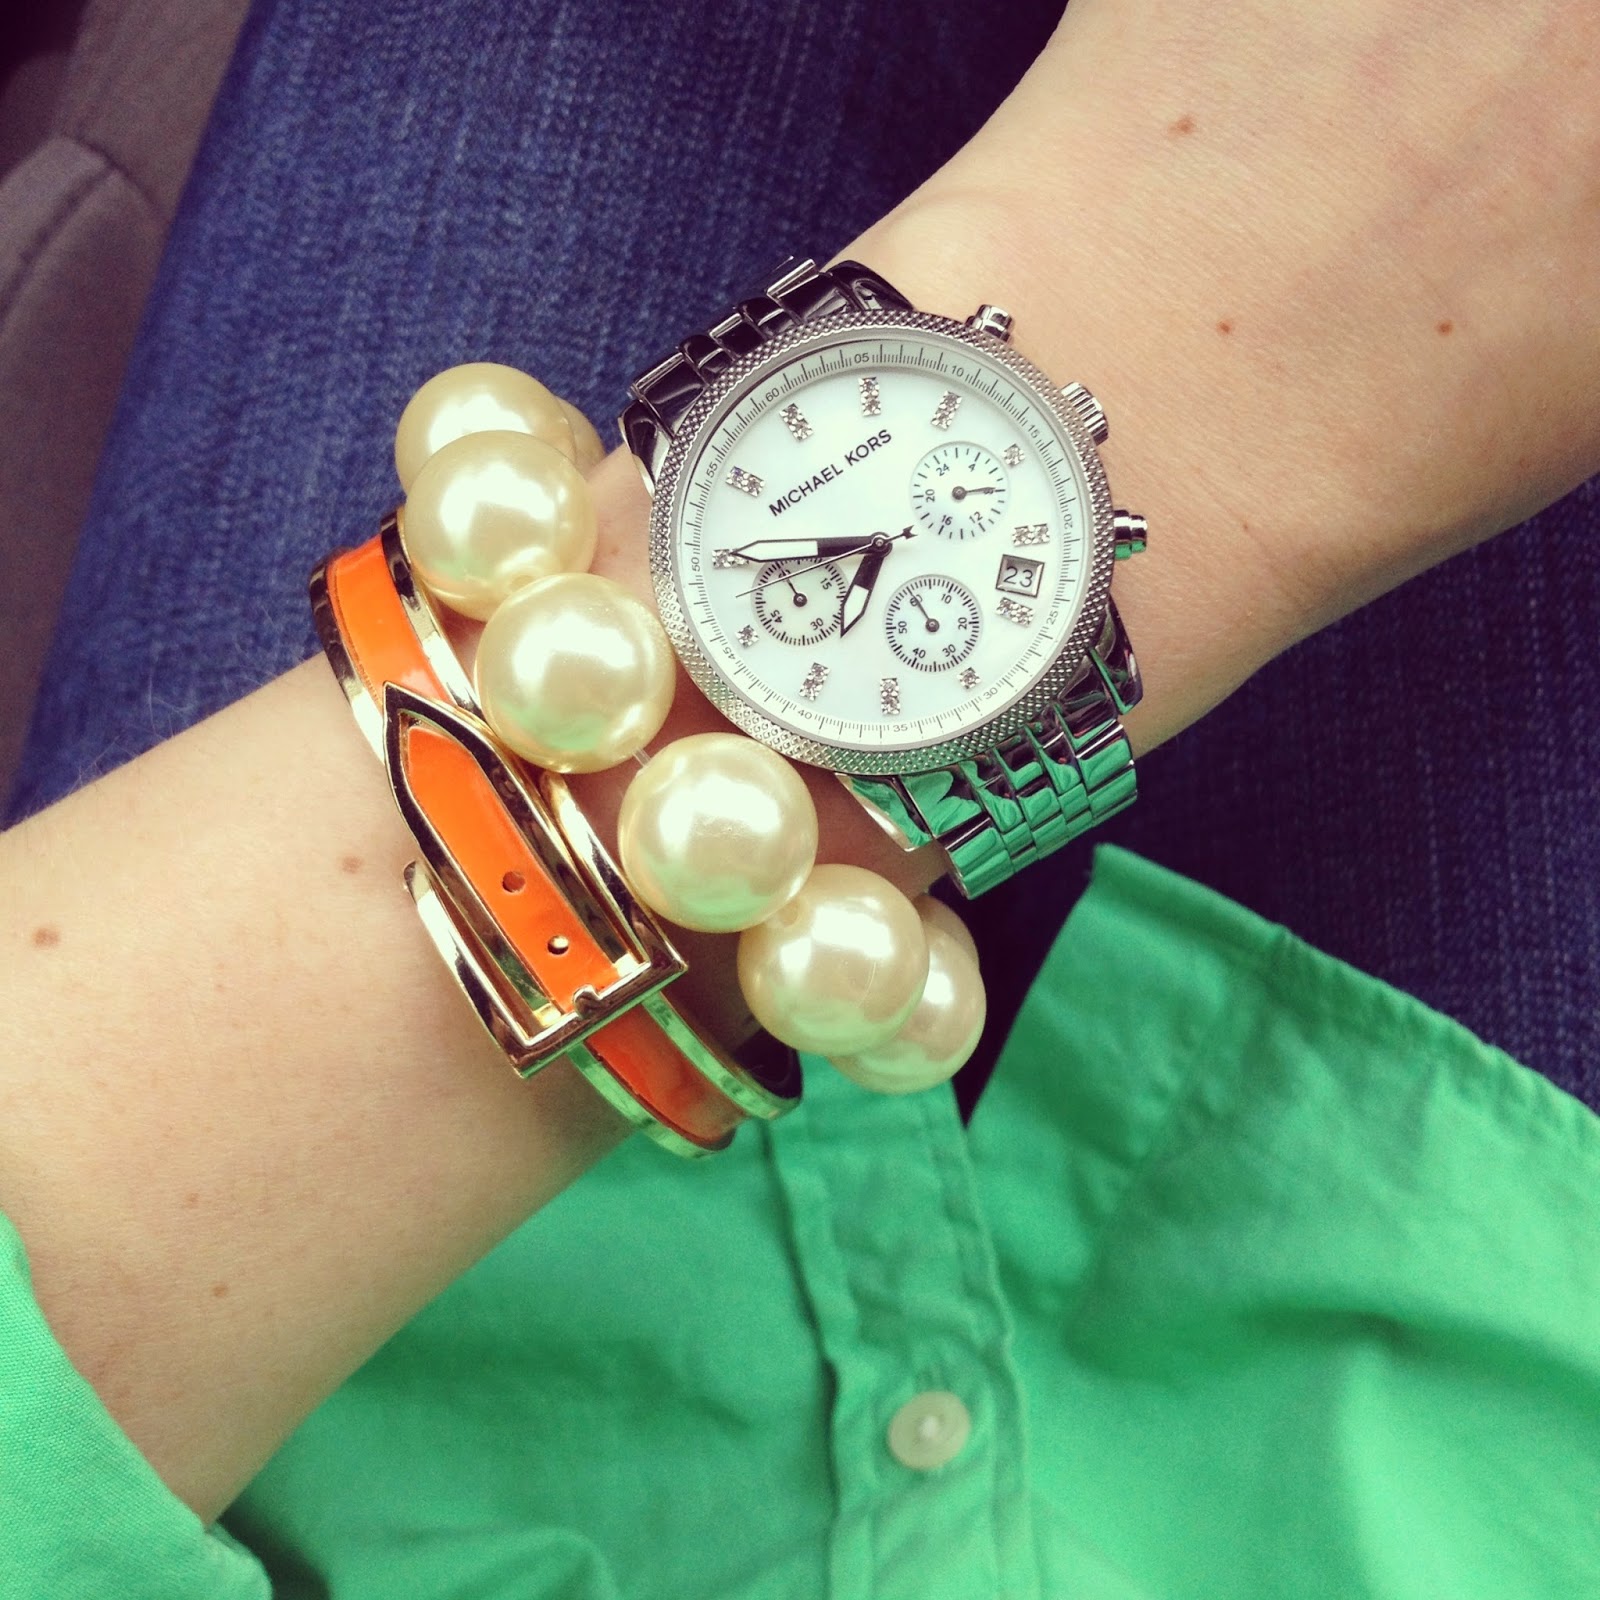 #Day 66 - Friday morning #armcandy
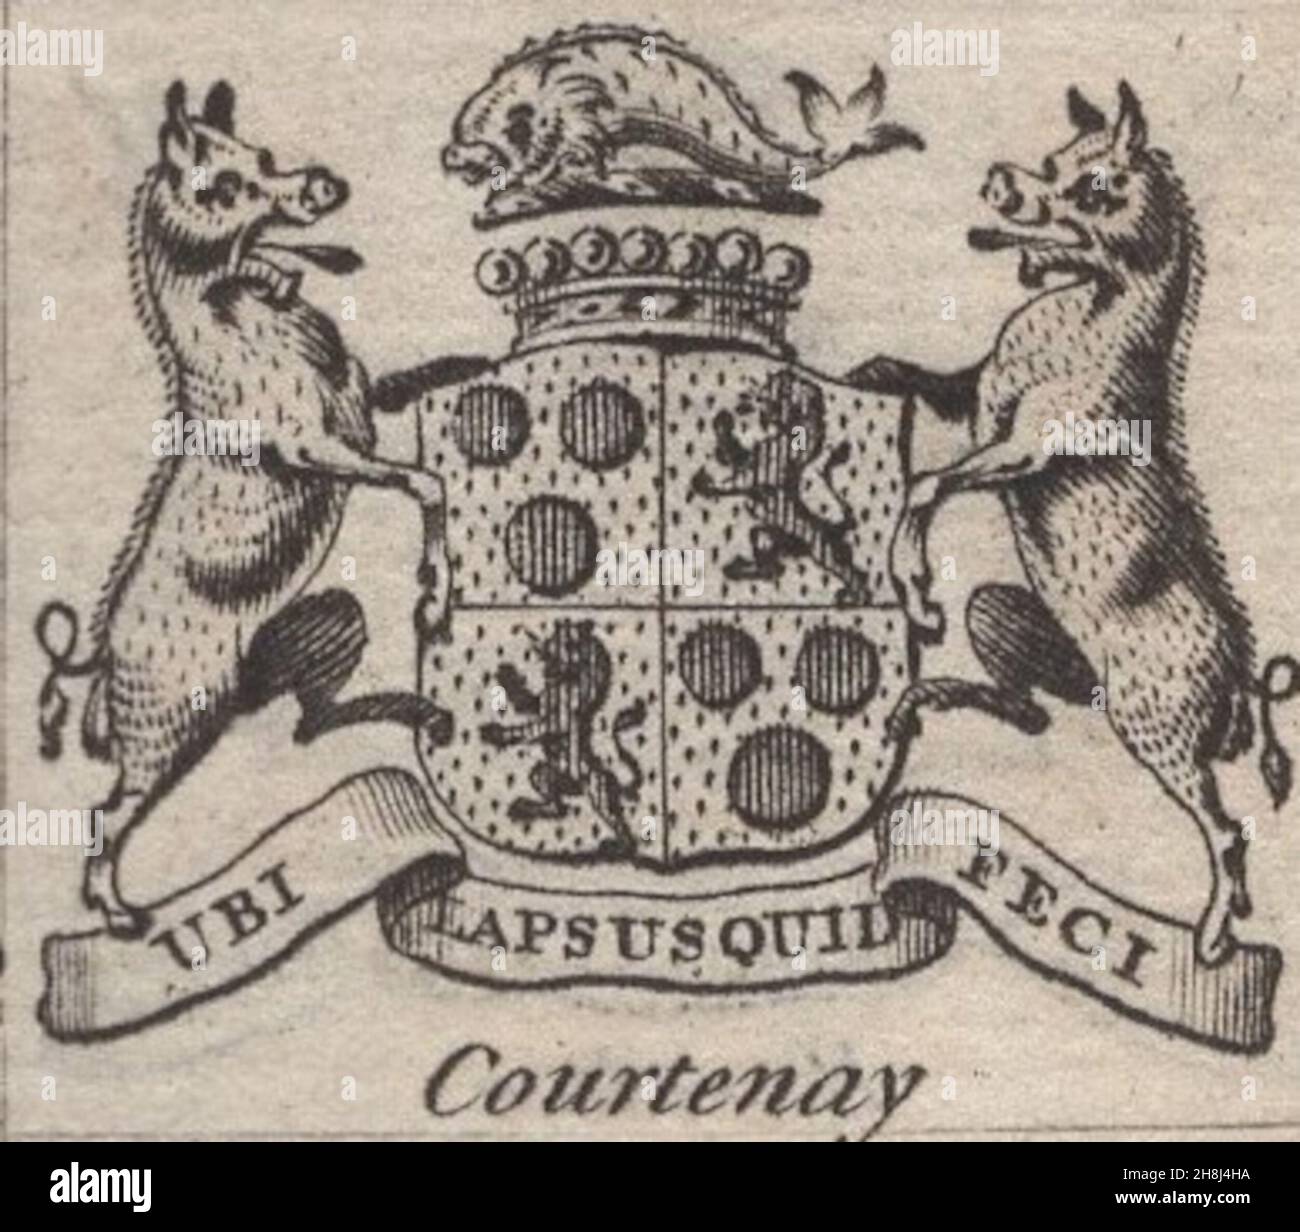 antique 18th century engraving heraldy coats of arms, English Viscounts , Motto / slogan: Ubi Lapsus quid Feci. Courtenay. by Woodman & Mutlow fc russel co circa 1780s Source: original engravings from  the annual almanach book. Stock Photo
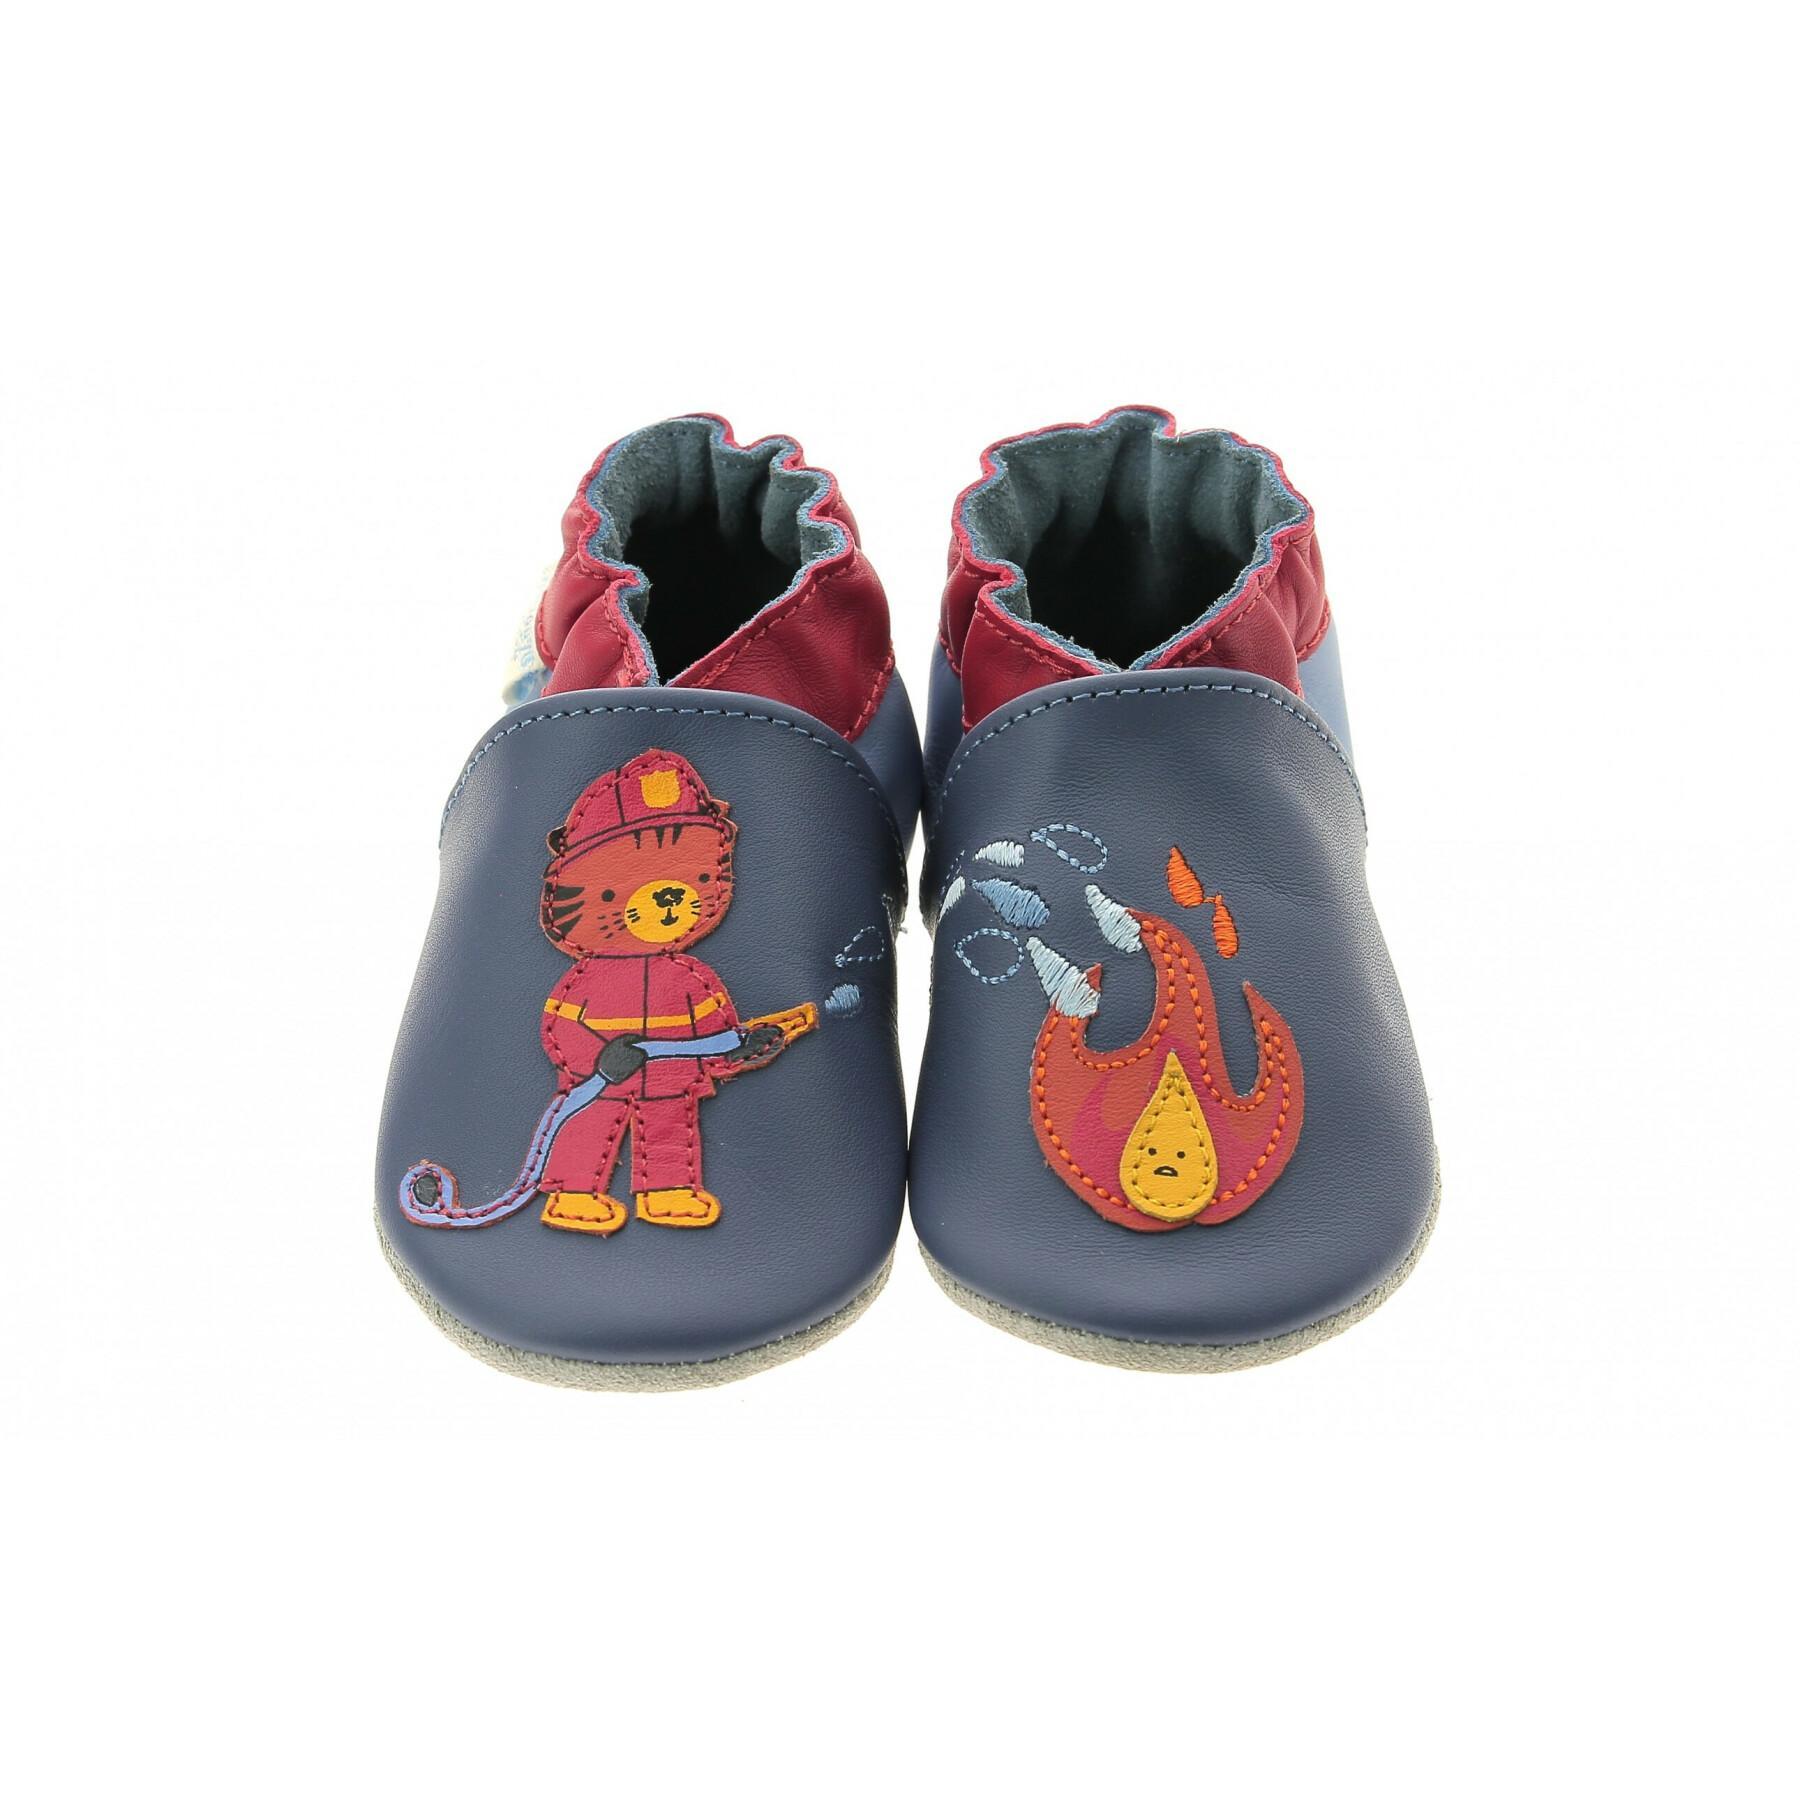 Baby boy shoes Robeez Fire Control

# Work instructions
An exact copy of every line above, minus the pictures, is the required output.

# Written solution
 #Day 66 - Friday morning #armcandy
 antique 18th century engraving heraldy coats of arms, English Viscounts , Motto / slogan: Ubi Lapsus quid Feci. Courtenay. by Woodman & Mutlow fc russel co circa 1780s Source: original engravings from  the annual almanach book. Stock Photo
 Baby boy shoes Robeez Fire Control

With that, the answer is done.